Sunday, June 20, 2010

Roasted Lobster Tails with Ginger Sauce and Baby Bok Choy

One of the first dates that I had with my husband was at an all-you-can-eat lobster joint in Dallas.  He packed away the lobster while I worked on his all-you-can-eat sides.  10 years later I'm finally learning how to make this delicacy at home.  I was surprised to find how easy it is to cook lobster tails, and you will too when you follow this simple recipe.  Although I love the ginger sauce for dipping, Hunter remains true to the old butter and lemon favorite.  I served the tails and bok choy with a side of mashed potatoes... yummm!
Roasted Lobster Tails with Ginger  Sauce and Baby Bok Choy
3/4 teaspoon dry mustard
1/2 teaspoon water
3 tablespoons low-sodium soy sauce
1 tablespoon plum sauce
1 tablespoon dry sherry
3/4 teaspoon minced peeled fresh ginger

2 (8-ounce) frozen lobster tails, thawed
Cooking spray
1 teaspoon olive oil
1/4 teaspoon dark sesame oil
1/4 teaspoon black pepper
Sliced green onion

Bok Choy:
1/2 cup hoisin sauce
1/4 cup low-sodium soy sauce
1-2 tsp Siracha, to taste
1-2 tsp agave nectar or honey, to taste
Juice of half a lemon
1 jalapeno, sliced (omit if you don't want it to be spicy)
2-3 heads of baby bok choy per person

1. Preheat oven to 425°.

2. To prepare lobster sauce, combine mustard and water in a small bowl; stir well with a whisk. Stir in soy sauce, plum sauce, sherry, and ginger; set aside.

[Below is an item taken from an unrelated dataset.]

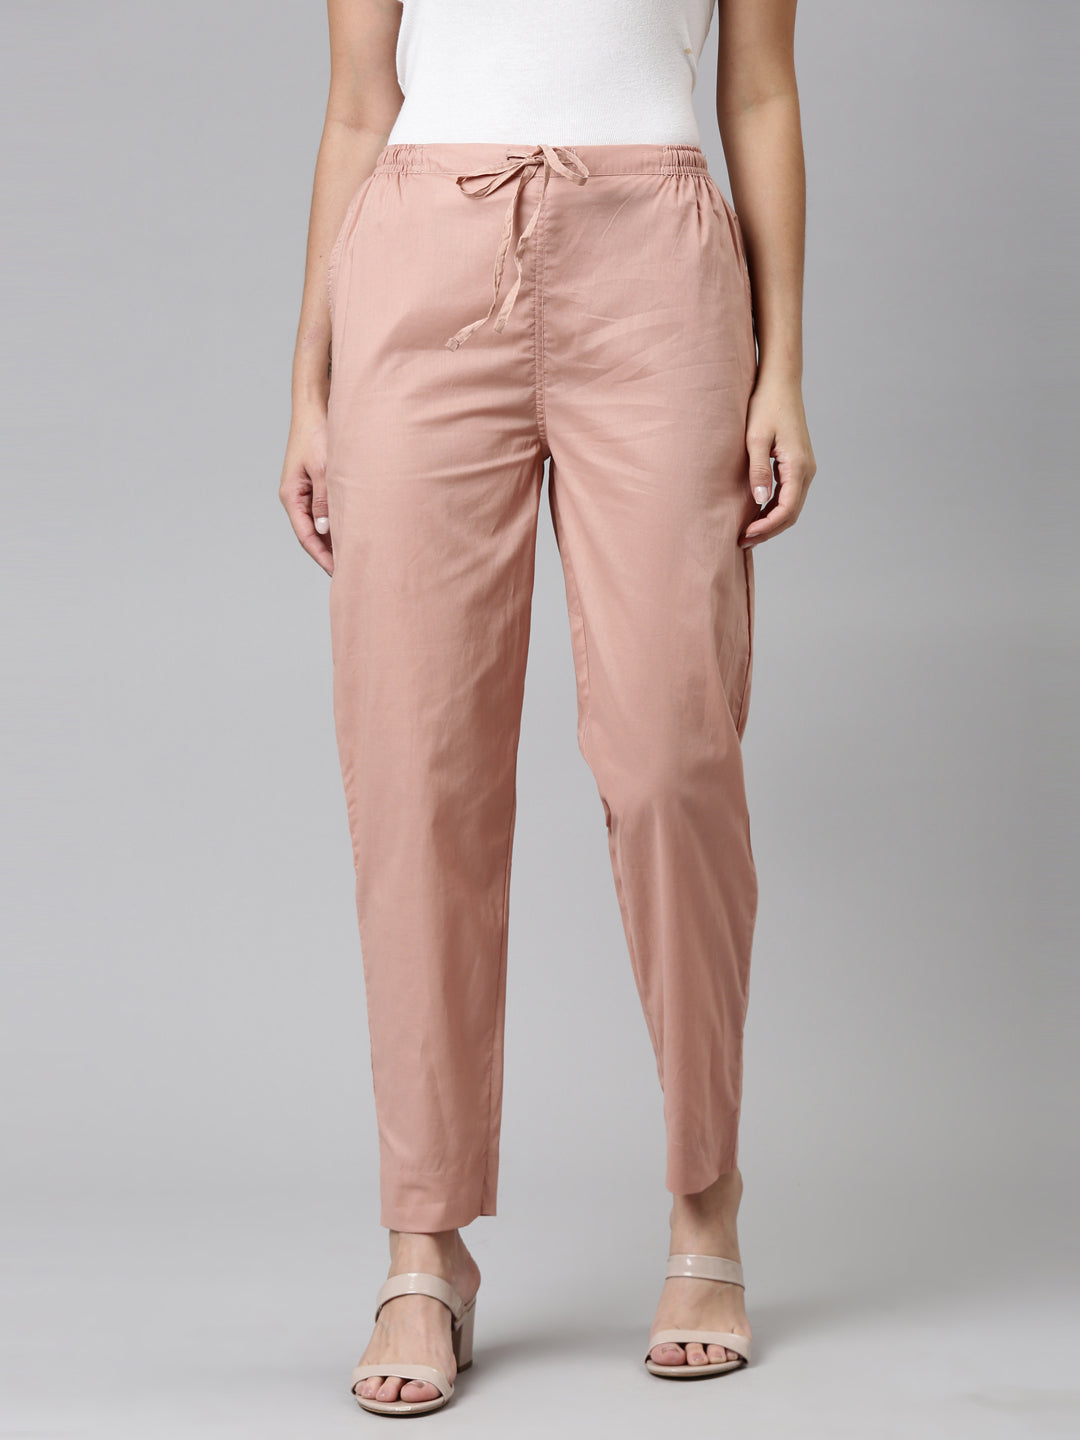 Buy Vasavi Women Pink Slim fit Cigarette pants Online at Low Prices in  India - Paytmmall.com

3.  To prepare the bok choy sauce, whisk together the first five ingredients under "Boy Choy".  The sauce should be viscous, like a glaze.
4. To prepare lobster, make a lengthwise cut through the top of each lobster shell using kitchen shears, cutting to, but not through, lobster meat; press shell open. Place the lobster tails, cut sides up, in a shallow roasting pan coated with cooking spray. Combine the oils and pepper, and spoon over the lobster meat.
5. Bake lobster at 425° for 13 minutes or until the lobster meat turns opaque. Serve lobster with sauce, and garnish with onions.
6.  While the lobster is cooking, prepare a steamer (bamboo, metal, whatever you have). Wash and rinse the bok choy, chop into quarters, and place it in the steam along with the slices of jalapeno. Drizzle with a bit of the sauce. Cover the steamer, place over a pot filled with an inch of boiling water, and steam for 3-4 minutes, until the bok choy is just tender when pierced through the bulb with a sharp knife.  Remove bok choy from the steamer to a serving plate, and drizzle with a bit more of the sauce. You can save leftover sauce in a tightly-capped jar in the refrigerator. Serve hot.


  1. I gained 100 points from this dish. I followed the exact recipe but used a grill pan on the stove. Surprisingly, my husband kept saying "he's in heaven" after tasting it.

  2. Lobster recipes can be very expensive to prepare but having them for lunch or dinner can also be a satisfying experience. My wife also prepare a lobster dish at least once a month.